**Task requirements:** Transcribe only part of the material below: the lines from the one containing "Tony Hsieh’s Zappos" through the one containing "A Novel Lactiferous", inclusive, exactly as written.

**Source records:**
>>>>

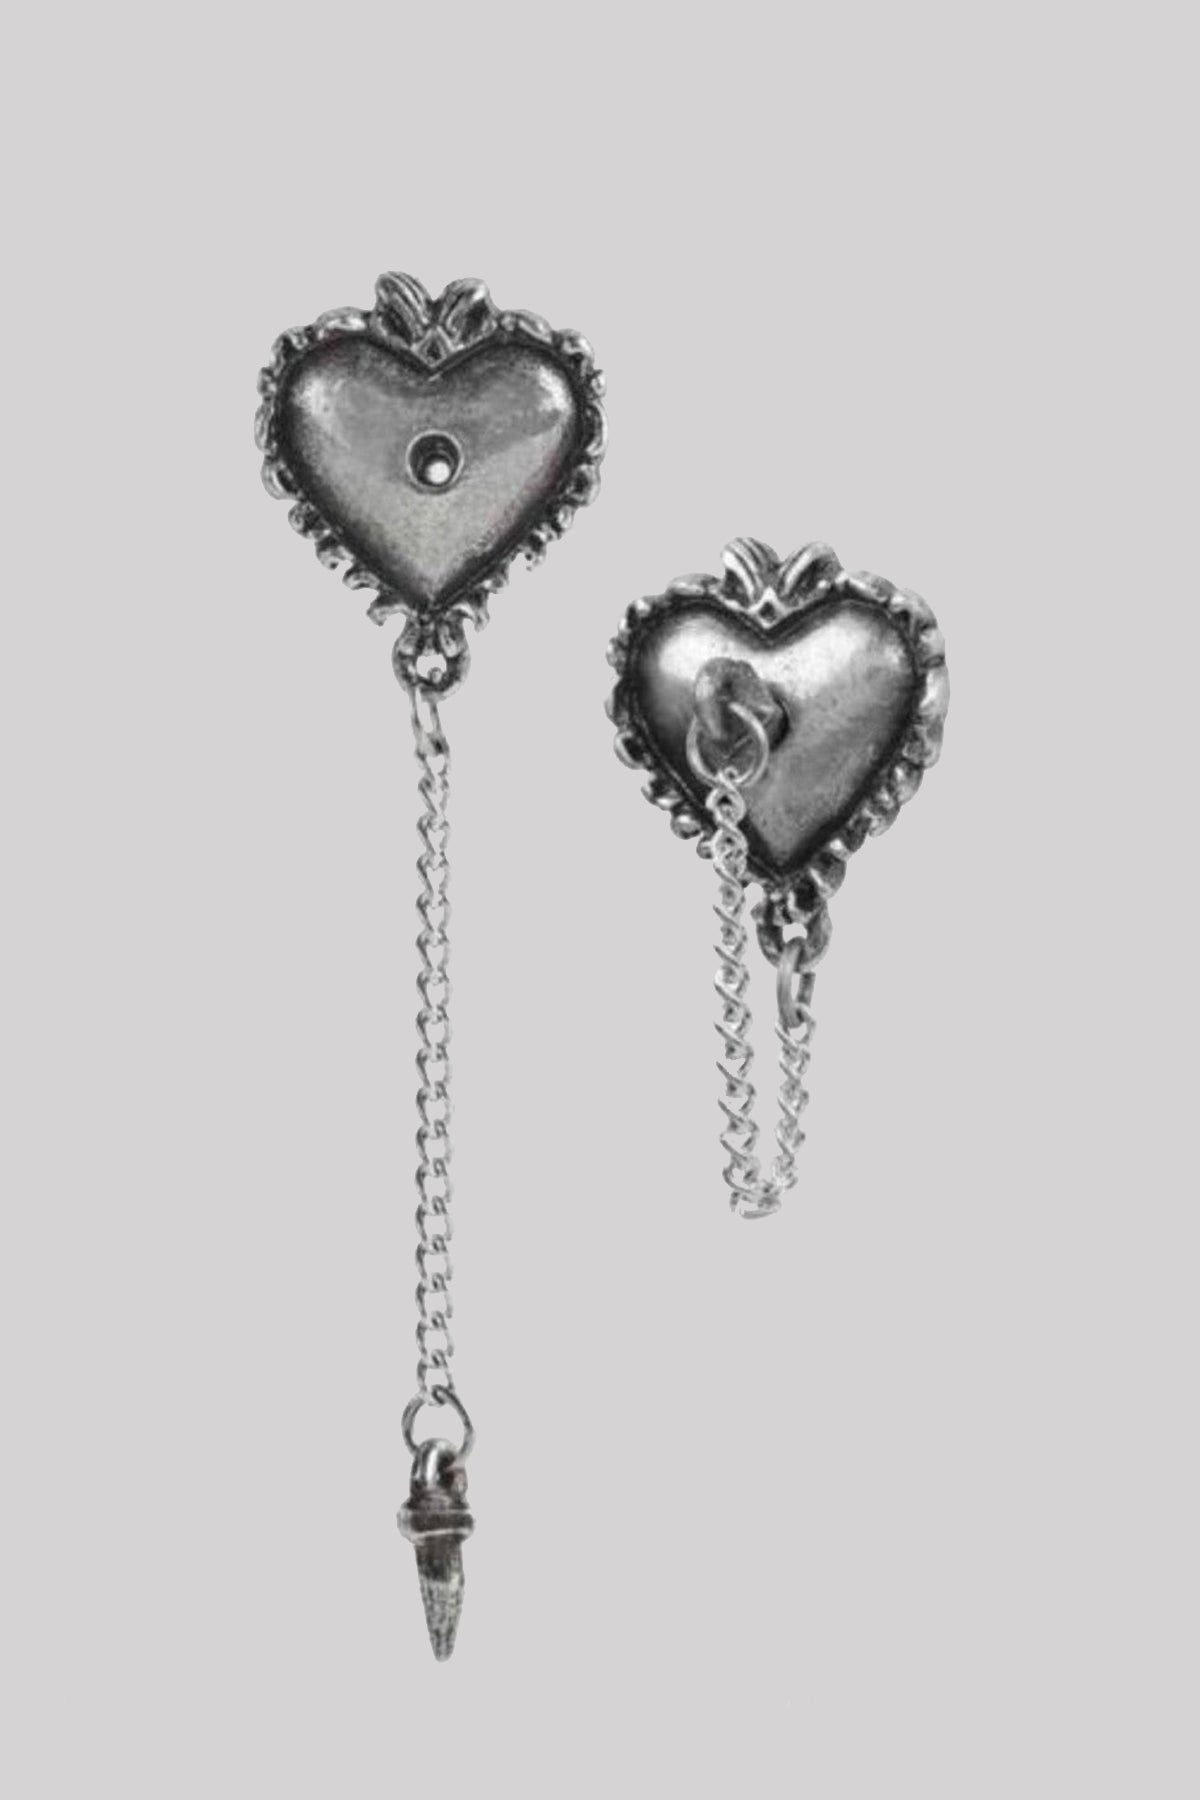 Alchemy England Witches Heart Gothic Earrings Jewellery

<<<<
>>>>

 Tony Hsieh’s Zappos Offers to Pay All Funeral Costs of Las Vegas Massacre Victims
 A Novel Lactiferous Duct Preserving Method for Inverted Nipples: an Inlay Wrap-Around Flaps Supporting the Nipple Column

<<<<

**Response to this task:**
 Tony Hsieh’s Zappos Offers to Pay All Funeral Costs of Las Vegas Massacre Victims
 A Novel Lactiferous Duct Preserving Method for Inverted Nipples: an Inlay Wrap-Around Flaps Supporting the Nipple Column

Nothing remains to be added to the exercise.